The system will help ensure continued U.S. leadership in high-end computing for scientific research while also cementing the nation’s position as global leader in the development of next-generation exascale computing systems. Aurora, in effect a “pre-exascale” system, will be delivered in 2018. Argonne and Intel will also provide an interim system, called Theta, to be delivered in 2016, which will help ALCF users transition their applications to the new technology.
“The future of high performance computing will require significant innovations on multiple fronts, and Argonne’s Aurora and Theta supercomputers represent successive generations of the transformation required in future HPC system architectures,” said Raj Hazra, vice president of Data Center Group and general manager of Technical Computing Group at Intel.

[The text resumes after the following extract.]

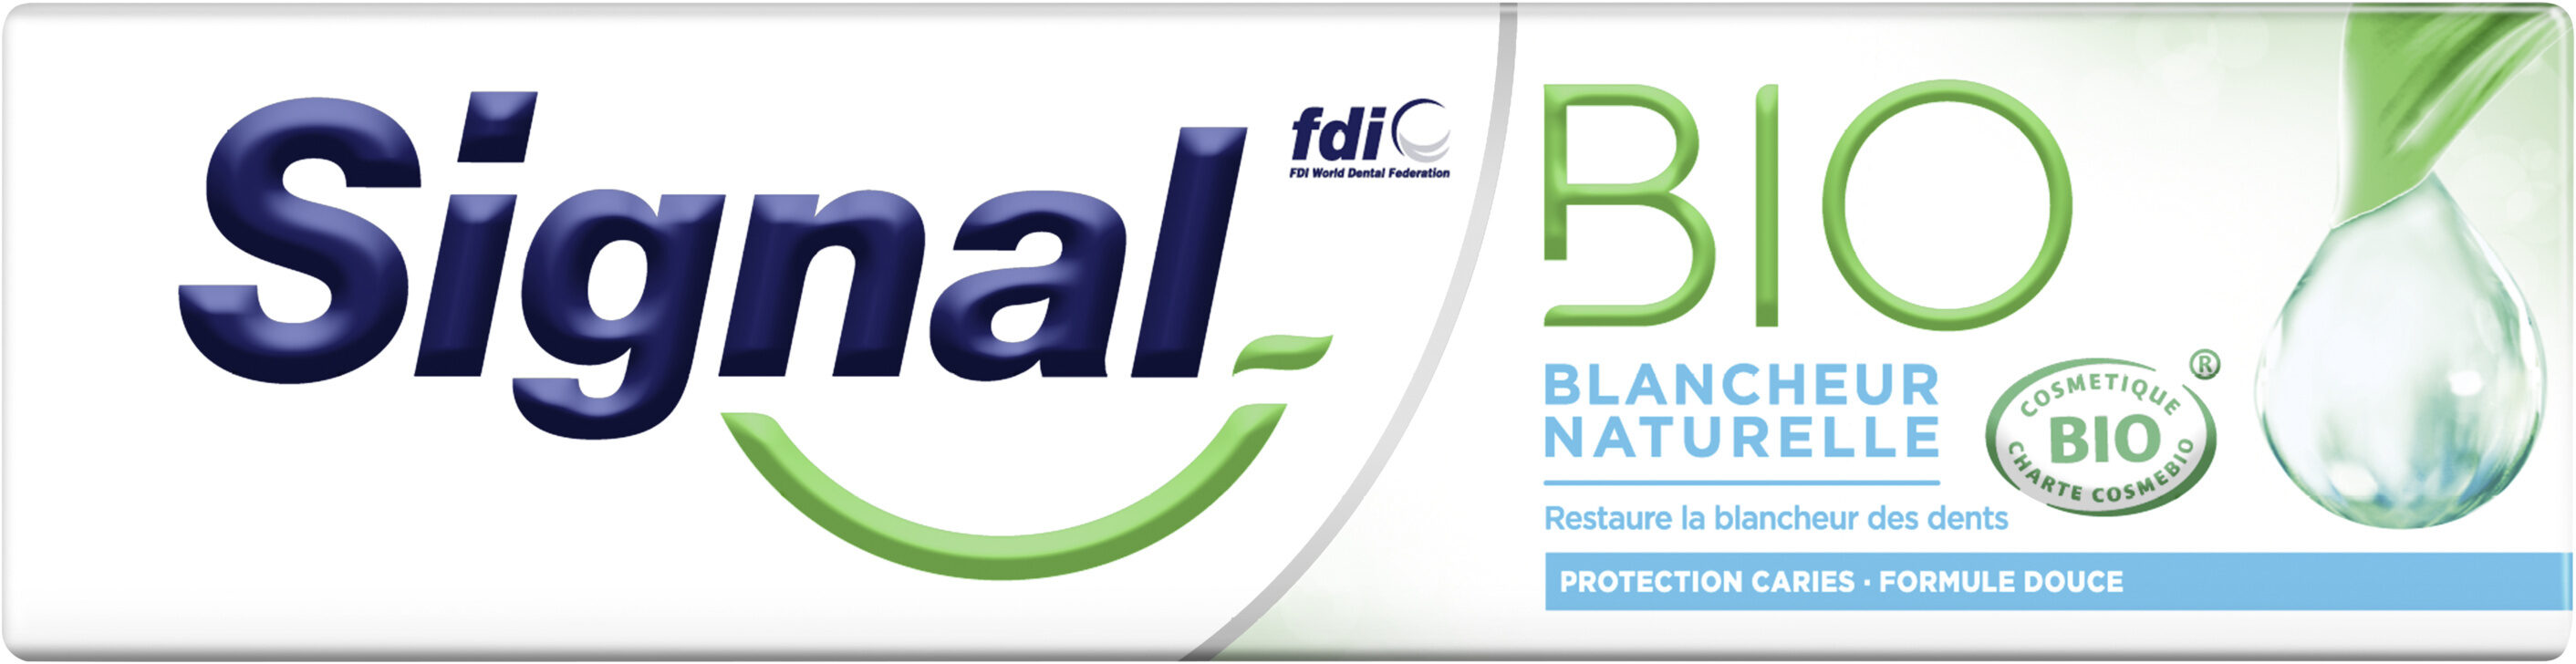 Signal Dentifrice Bio Blancheur Naturelle - Produit - fr

“Working together with Cray, these systems provide a highly flexible and adaptable industry design based on Intel’s HPC scalable system framework,” said Hazra, “which will deliver breakthrough performance, power efficiency and application compatibility through an integrated and balanced system architecture—paving the way for new scientific discoveries and far-reaching benefits on a global scale. Intel is honored to have been awarded the Aurora contract as part of the CORAL program.”
Intel will work with Cray Inc. as the system integrator sub-contracted to provide its industry-leading scalable system expertise together with its proven supercomputing technology and HPC software stack. Aurora will be based on a next-generation Cray supercomputer, code-named “Shasta,” a follow-up to the Cray XC series.

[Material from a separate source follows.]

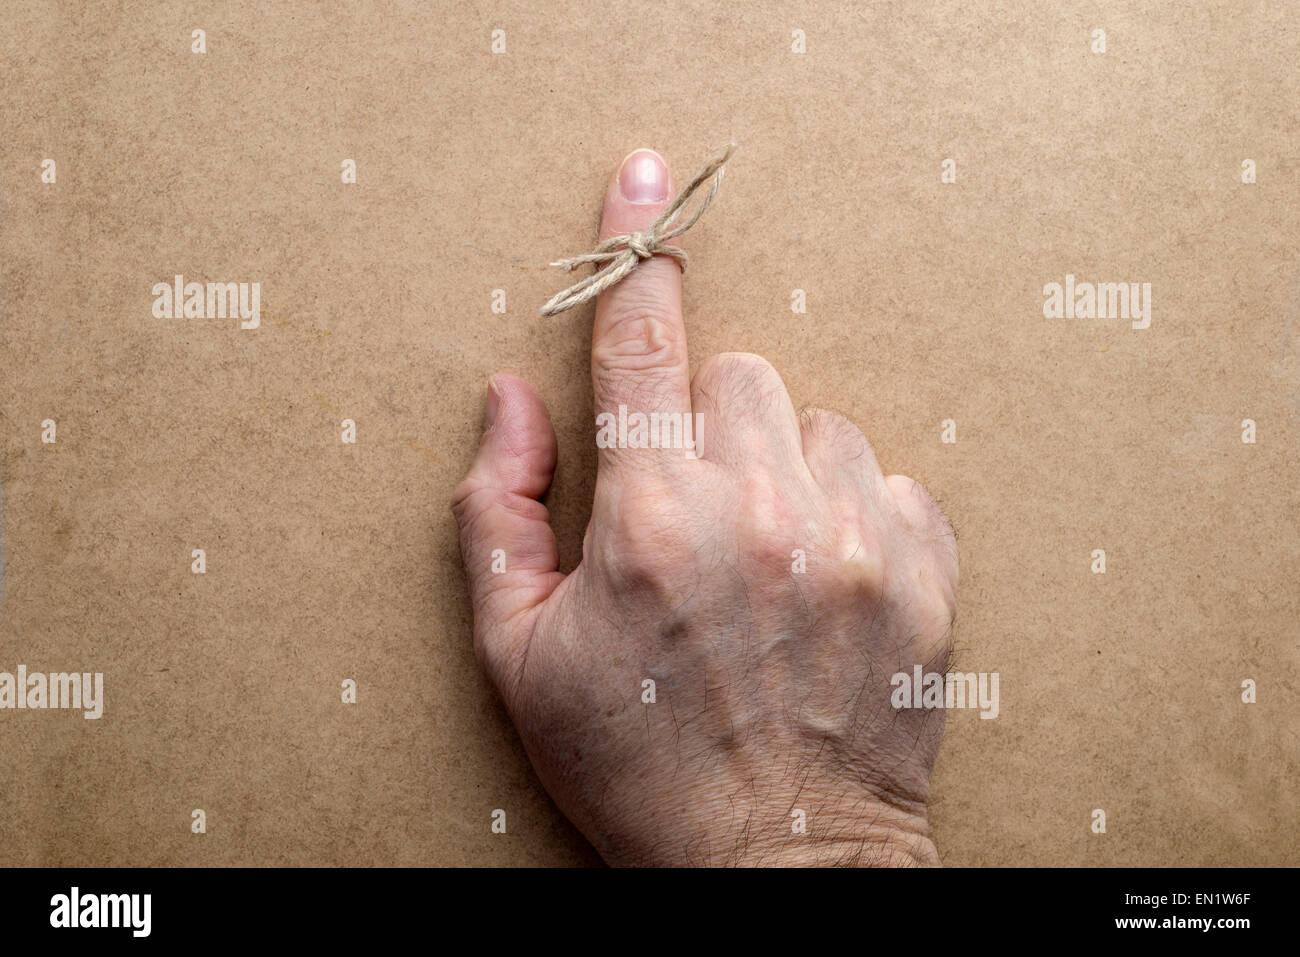 String on index finger of an elderly man. Wooden background - Stock Image

“Cray is honored to partner with Argonne and Intel as we develop our next-generation Shasta system to build one of the fastest supercomputers on the planet for the Department of Energy,” said Peter Ungaro, president and CEO of Cray. “Shasta will be a powerful combination of Intel’s new technologies and Cray’s advanced supercomputing expertise, creating a single, flexible system that will enable huge advances in computing and analytics. Aurora will be the first system in our Shasta family and we couldn’t be more excited.”
In addition to procuring systems like Aurora, the Office of Science and the National Nuclear Security Administration are making longer-term investments in exascale computing under the DesignForward high-performance computing R&D program, designed to accelerate the development of next-generation supercomputers. The program recently awarded $10 million in contracts to AMD, Cray, IBM and Intel Federal, complementing the $25.4 million already invested in the first round of DesignForward. Under this public-private partnership, the four technology firms will work with DOE researchers to study and develop software and hardware technologies aimed at maintaining our nation’s lead in scientific computing.